Le chantier a été long et il fallu attendre 2 ans avant de passer vraiment à la réalisation de cet étang. Les dessins en plans et en coupes, pour autant qu’ils soient utiles à définir le projet pour les autres, ne me satisfaisaient pas. Ayant ressaisi le pinceau, l’encre et le papier chinois depuis quelques temps, j’ai tenté timidement d’exprimer ce que je cherchais, où plutôt ce que les pierres me donnaient à sentir. Porter l’encre autour de zones non-peintes, « en réserve » comme il est d’usage dans la peinture chinoise me forçait à donner le poids, l’importance de ces masses de roche par cette retenue même. Il aurait été aisé de chercher à révéler les détails, les fissures, les ombres, les textures de ces rochers mais à ne pas les peindre m’obligeait à ne plus m’attacher aux détails qui les composaient mais à leur existence, à leur présence. Ainsi je me révélais à moi-même le bien fondé de leur présence pour construire ce moment de repos du grand vide qui dévalait dans le projet.

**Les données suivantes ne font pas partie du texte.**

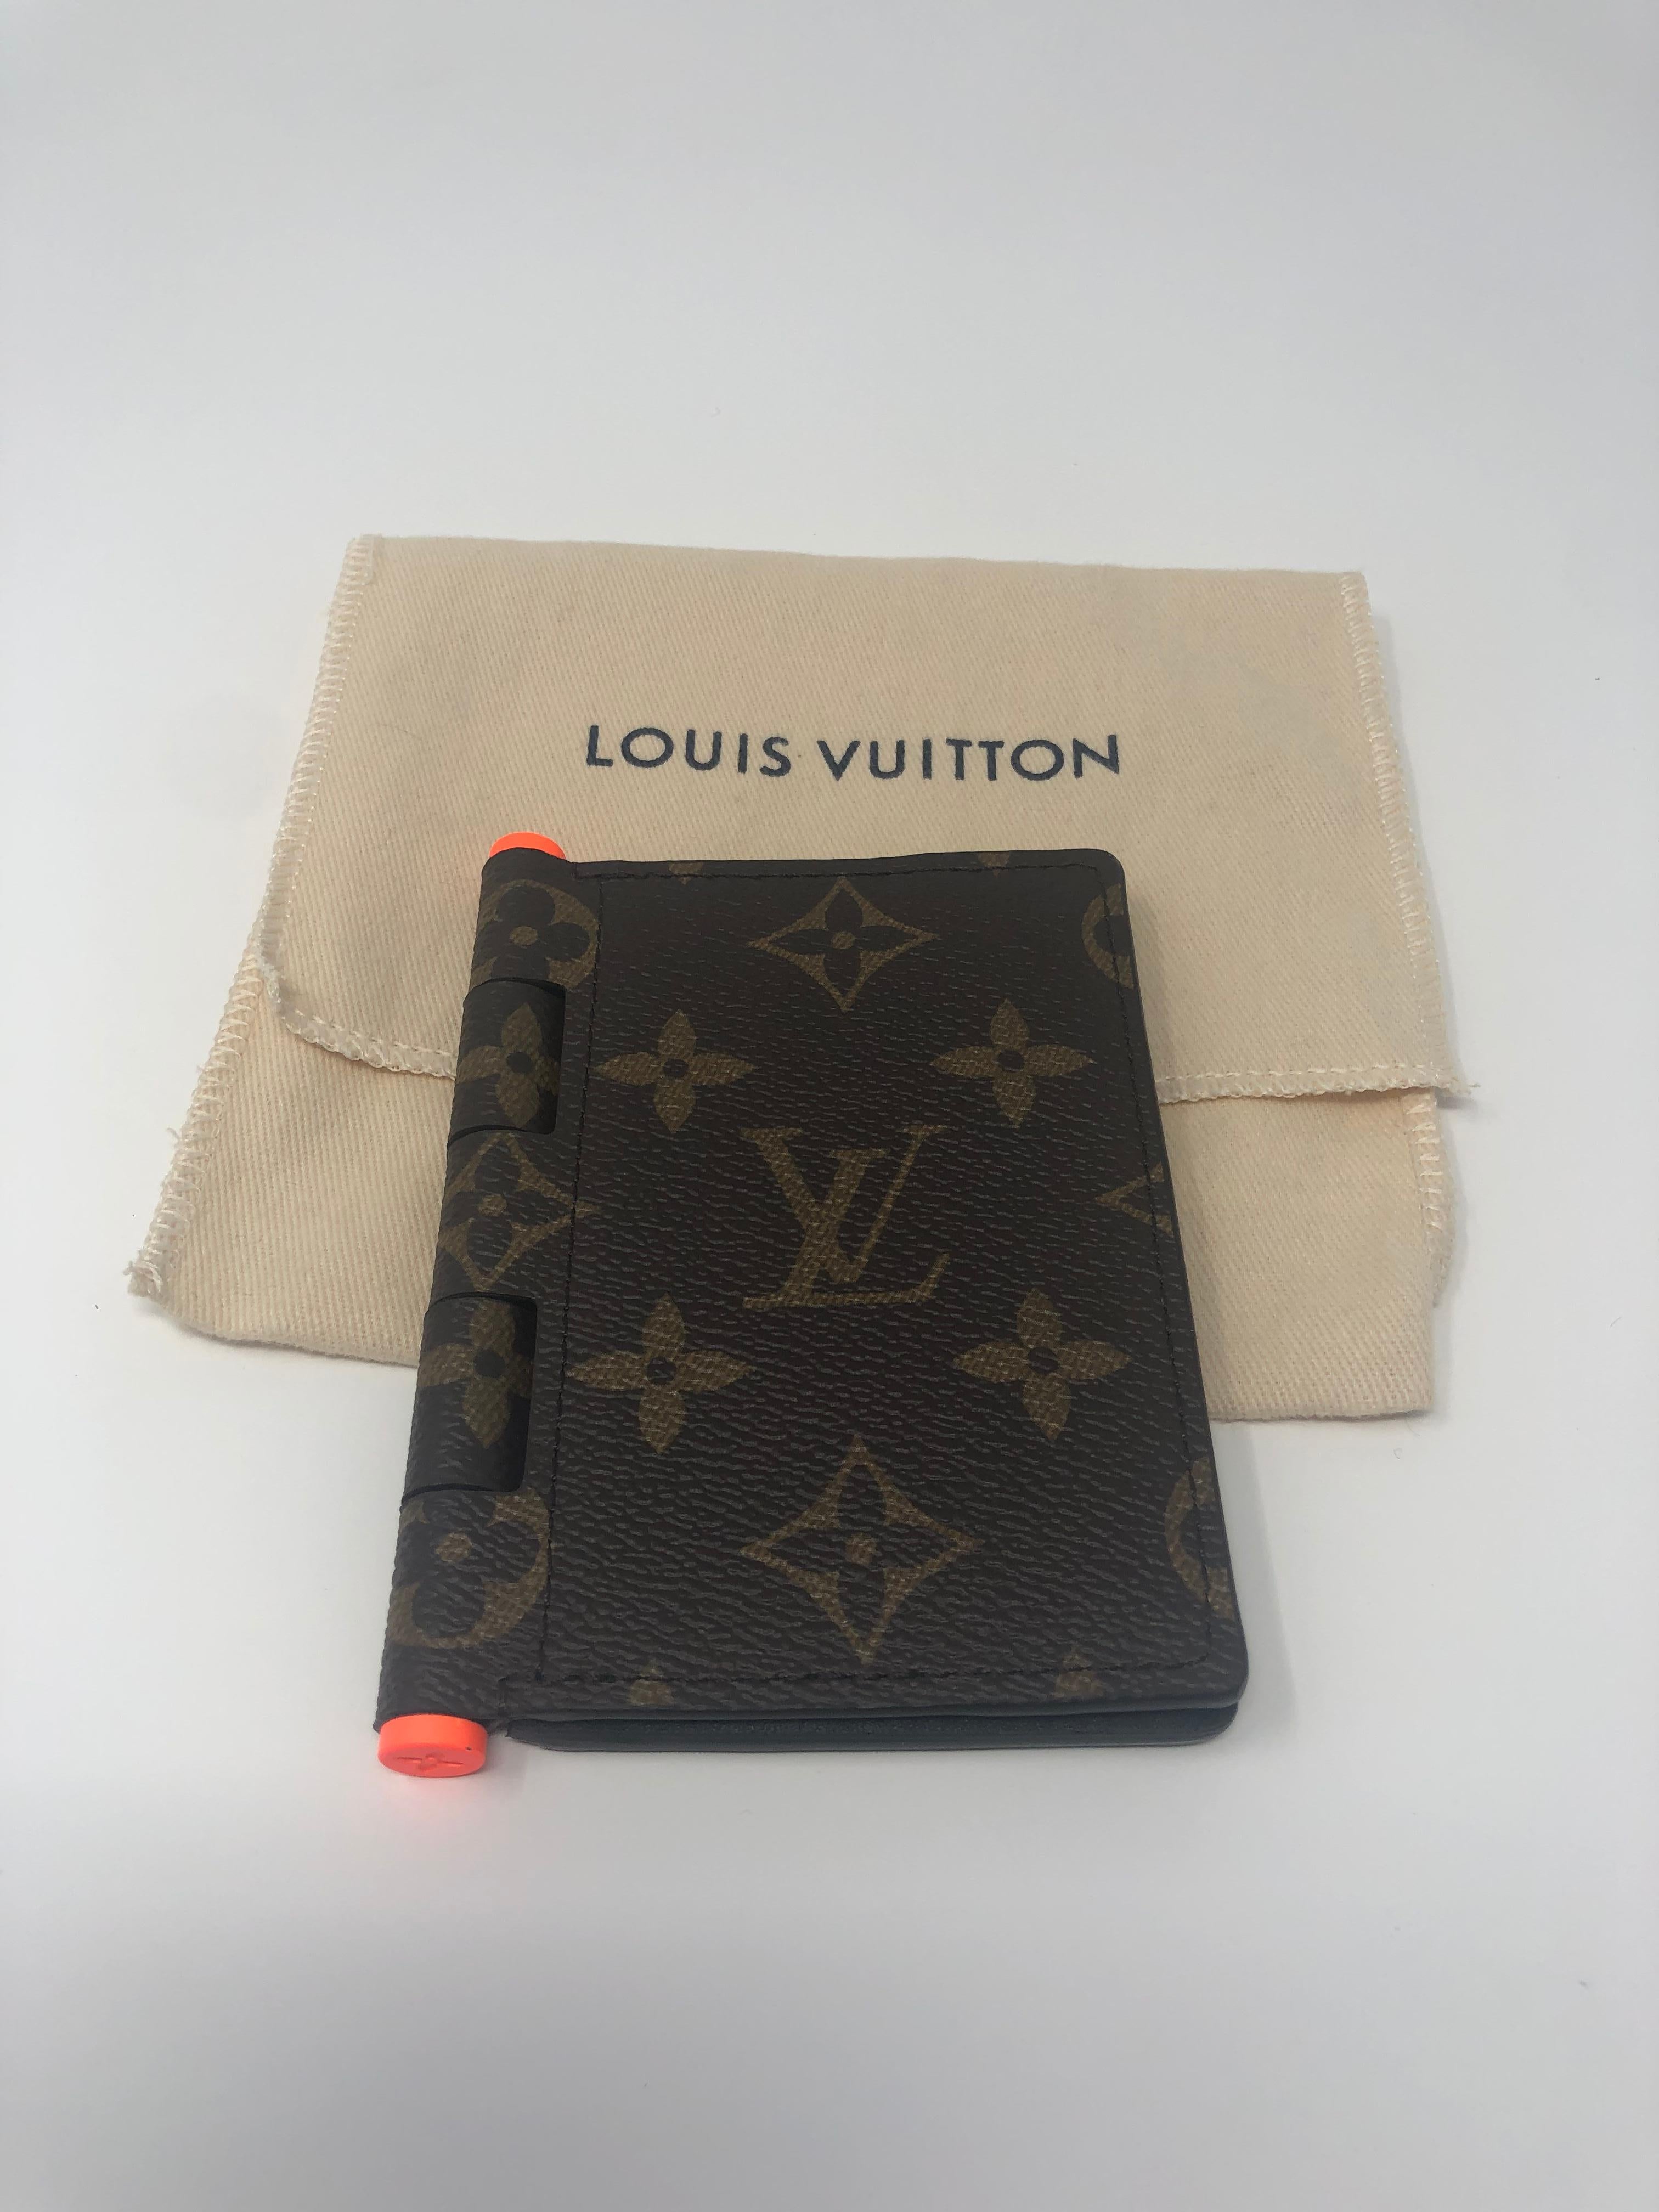 Louis Vuitton Solar Hinge Pocket Organizer designed by Virgil Abloh. From Virgil's first line Spring/ Summer 2019 Collection. True collector's piece. Brand new and limited. Includes dut cover and box. Guaranteed authentic.

La falaise de la Rive Droite d’Auxerre :

Le projet venait d’être élaboré pour les Brichères quand nous eûmes la chance de pouvoir nous attacher à un autre projet urbain important sur l’autre rive de l’Yonne à Auxerre. Le patchwork de maisonnettes, de barres, d’opérations successives de logement social manquait de centre clairement identifié et surtout aménagé. Il s’agit alors de restituer une montée sur la colline, à partir d’une grande place construite.

A mi-montée, j’ai installé une falaise qui imposera dans la perspective sa façade de gros blocs de calcaire blanc. Le pinceau m’a alors, dès le début, permis de mieux cerner la dimension et la puissance de ce que je cherchais à mettre en place. Face au piton sur lequel la rive historique d’Auxerre s’est édifiée de pans d’églises et de monastères, les masses blanches des pierres massives construiront une falaise, un rempart, un autre piton.

Les falaises de l’Amont Quentin à Cherbourg :

L’Amont Quentin est l’autre « montagne » de Cherbourg. Nous y avons, après démolition des barres de logements qui barraient la colline, aménagé un nouveau quartier organisé et structuré par les vues vers la mer. C’est le vide, un vide dynamique qui relie la mer, la rade, le port et la roche en strates de grès qui s’échappent en pics rocheux de la colline verte. C’est le vide qui décide du plan masse, des constructions, de leurs emplacements et de leurs gabarits.

Afin de marquer fortement une rupture de pente, une sorte d’amphithéâtre de grosses pierres, venues de la carrière de grès située juste en face dans la montagne du Roule, occupent et dessinent la différence de niveaux. D’autres massifs alignés soulignent la pente de l’espace central. Dès lors que ces masses ont été posées, l’espace s’est reposé. Dans la pente, une longue succession d’escaliers de granit massif gris s’adossent à des murets de grès provenant des strates subitement rouges carmin de la carrière du Roule.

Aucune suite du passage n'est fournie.